What the task asks:
Only the last stretch of the records is wanted: restate word for word the line with "ｳｫﾙﾅｯﾄﾀﾞｲﾆﾝｸﾞﾃｰﾌﾞﾙ/座卓兼用ﾀｲﾌﾟ : 天然ムク家具とナチュラル空間のレンタルスペース" and every line after it.

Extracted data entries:
-- Opening Marker --

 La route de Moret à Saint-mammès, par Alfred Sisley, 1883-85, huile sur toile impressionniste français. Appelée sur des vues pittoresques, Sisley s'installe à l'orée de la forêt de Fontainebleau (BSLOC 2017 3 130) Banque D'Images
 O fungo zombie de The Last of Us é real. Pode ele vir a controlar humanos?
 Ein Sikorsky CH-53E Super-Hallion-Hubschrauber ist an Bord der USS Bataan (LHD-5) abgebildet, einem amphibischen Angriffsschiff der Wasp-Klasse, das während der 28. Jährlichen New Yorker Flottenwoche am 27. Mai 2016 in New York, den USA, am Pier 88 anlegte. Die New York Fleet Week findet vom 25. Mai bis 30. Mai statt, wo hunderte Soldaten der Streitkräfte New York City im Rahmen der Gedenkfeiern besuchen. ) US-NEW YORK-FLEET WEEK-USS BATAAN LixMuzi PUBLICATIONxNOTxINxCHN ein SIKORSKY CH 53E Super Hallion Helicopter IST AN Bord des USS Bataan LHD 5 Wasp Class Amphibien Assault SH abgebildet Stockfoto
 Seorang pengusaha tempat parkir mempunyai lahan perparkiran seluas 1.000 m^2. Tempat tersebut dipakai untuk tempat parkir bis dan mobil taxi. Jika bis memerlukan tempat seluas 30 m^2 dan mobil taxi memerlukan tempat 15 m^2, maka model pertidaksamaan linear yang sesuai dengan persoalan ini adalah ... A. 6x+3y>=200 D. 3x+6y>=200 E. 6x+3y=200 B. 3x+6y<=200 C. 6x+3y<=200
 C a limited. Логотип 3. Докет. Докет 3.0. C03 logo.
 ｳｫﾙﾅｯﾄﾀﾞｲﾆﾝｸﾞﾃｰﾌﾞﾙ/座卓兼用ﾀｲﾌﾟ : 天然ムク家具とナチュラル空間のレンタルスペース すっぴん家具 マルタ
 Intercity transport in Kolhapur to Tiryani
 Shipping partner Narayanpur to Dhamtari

-- Closing Marker --

Output for this exercise:
 ｳｫﾙﾅｯﾄﾀﾞｲﾆﾝｸﾞﾃｰﾌﾞﾙ/座卓兼用ﾀｲﾌﾟ : 天然ムク家具とナチュラル空間のレンタルスペース すっぴん家具 マルタ
 Intercity transport in Kolhapur to Tiryani
 Shipping partner Narayanpur to Dhamtari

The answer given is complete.